I'm new to Blackberrys. I really want to make the leap from Palm Pre to Torch 9810, but I want to know if it will do 2 things: 1. tether to my (Mac) laptop, and 2. store and launch frequently used webpages from the homescreen. (I think it does)
As to why the Torch, It's the trackpad, really. Or more specifically, the slider plus trackpad plus large screen form factor. The slider, when opened, places the trackpad near the center of the device where your thumb naturally falls when holding the device in one hand. Other devices with a trackpad at the bottom pretty much require you to hold the device with two hands to use it. And for devices with a touchscreen only (iPwn, Evo-il), you spend a lot of time trying to stretch your thumb all over the screen to reach virtual buttons etc, or again, holding it in two hands. You can get a Bold, but you give up screen size.

1. yes you can tether it to your mac. 2. yes you can save web pages on your home screen as icons, you can also do this with contacts voicenotes and music files.

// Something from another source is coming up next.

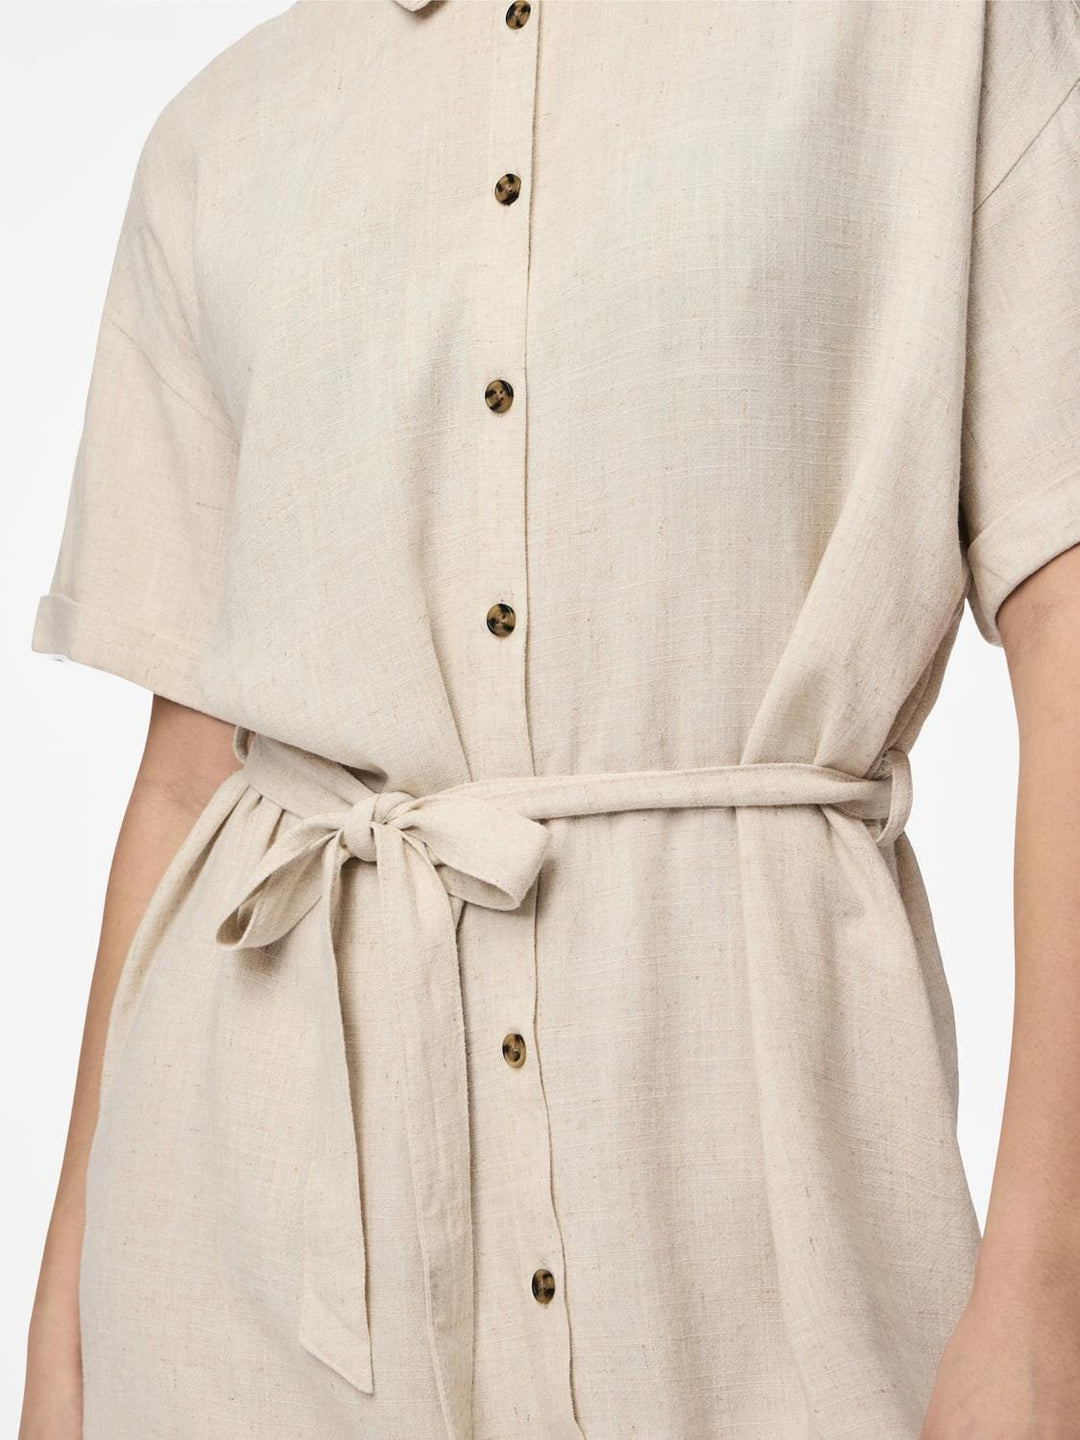 Pieces - Pcvinsty Ss Linen Shirt Dress - 4535249 Oatmeal Kjoler 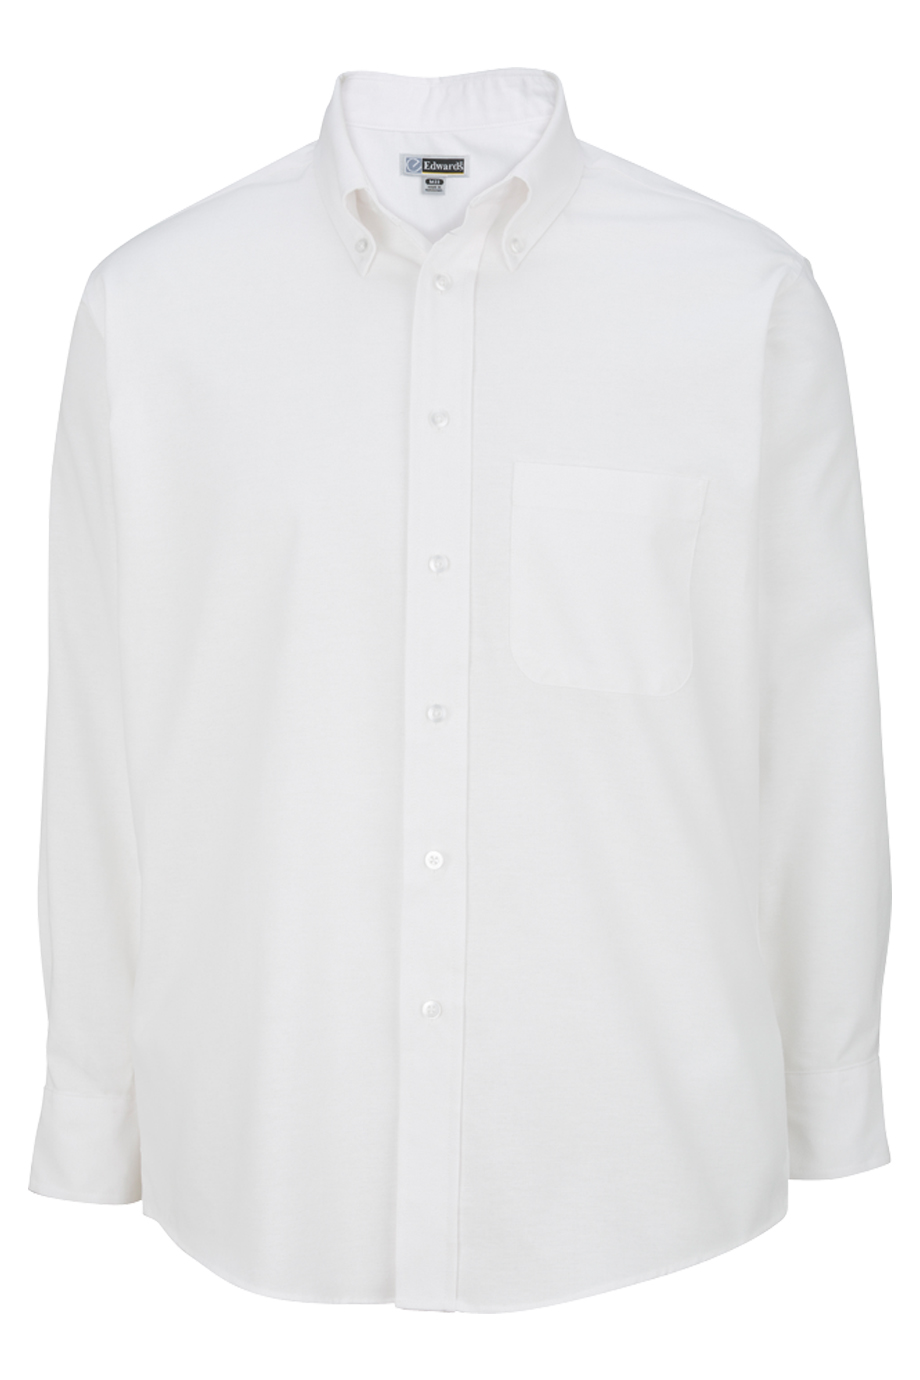 Edwards Mens Long Sleeve Oxford Shirt-Edwards

As a Sprint and Pixi user, HP obviously abandoned some old Palm fundamentals with it's February announcements. I bought a Playbook and it has been great, even use Freetether to my Pixi over wifi. I've moved on to Crackberry from Precentral (which used to be TreoCentral) and though there is no homebrew community as there is for WebOS, the BBOS and TabletOS are plenty capable on their own merit. We installed patches on WebOS because HPalm didn't see the need to make WebOS as useful as PalmOS was in some aspects.

Former Pre and Centro user here, loving my new Torch 9810. Very similar feel to the Pre - which I loved - but with the battery at near zero life and WebOS at end of life, it was time to move on. My other half has a galaxy, my son an iphone, and neither of those phones tickled my fancy... but I love my Torch :) It's the perfect replacement. I actually wish I'd done this sooner!